## PROVIDED DATA
*****

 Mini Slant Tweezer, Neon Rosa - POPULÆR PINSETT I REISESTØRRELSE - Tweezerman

*****

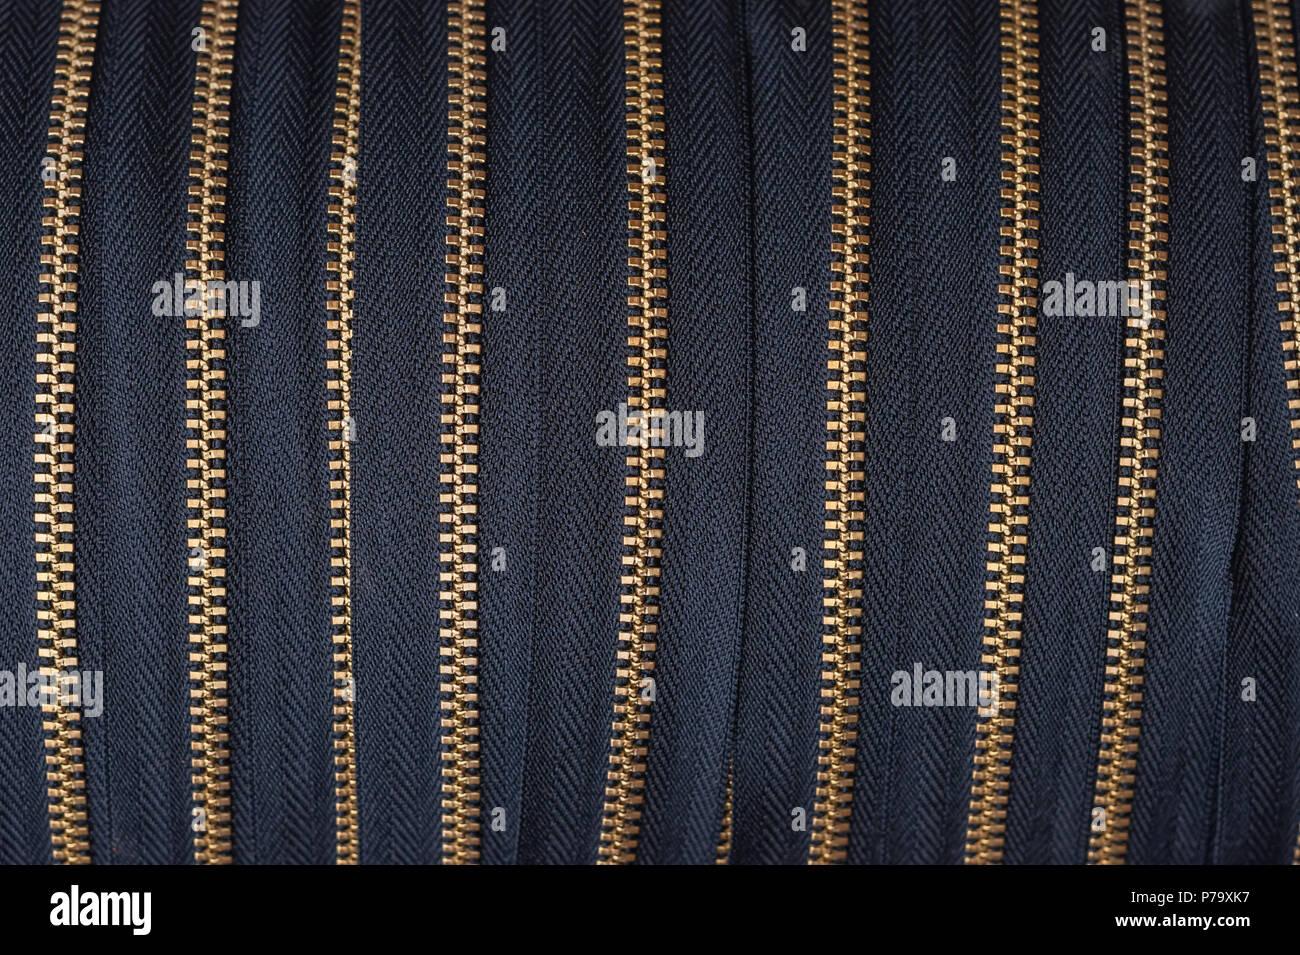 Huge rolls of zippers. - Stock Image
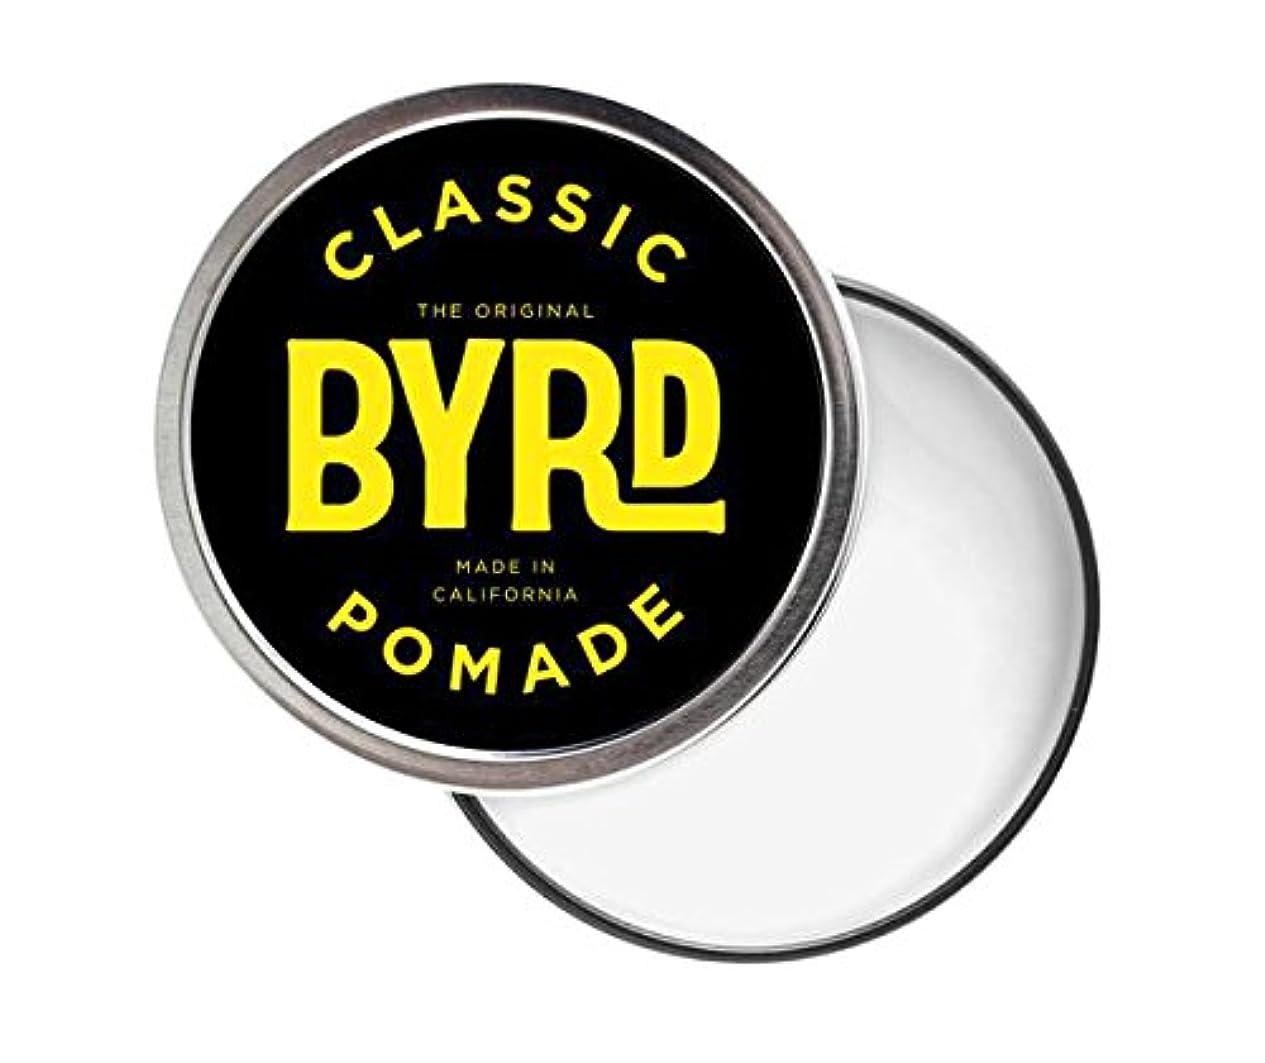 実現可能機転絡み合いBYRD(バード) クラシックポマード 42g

*****

## PROBLEM STATEMENT
Leaving out each picture, repeat exactly the lines above from the one that contains "Huge rolls of zippers. - Stock Image" through the one that contains "実現可能機転絡み合いBYRD(バード) クラシックポマード 42g".

## ANSWER TO THE PROBLEM
 Huge rolls of zippers. - Stock Image
 実現可能機転絡み合いBYRD(バード) クラシックポマード 42g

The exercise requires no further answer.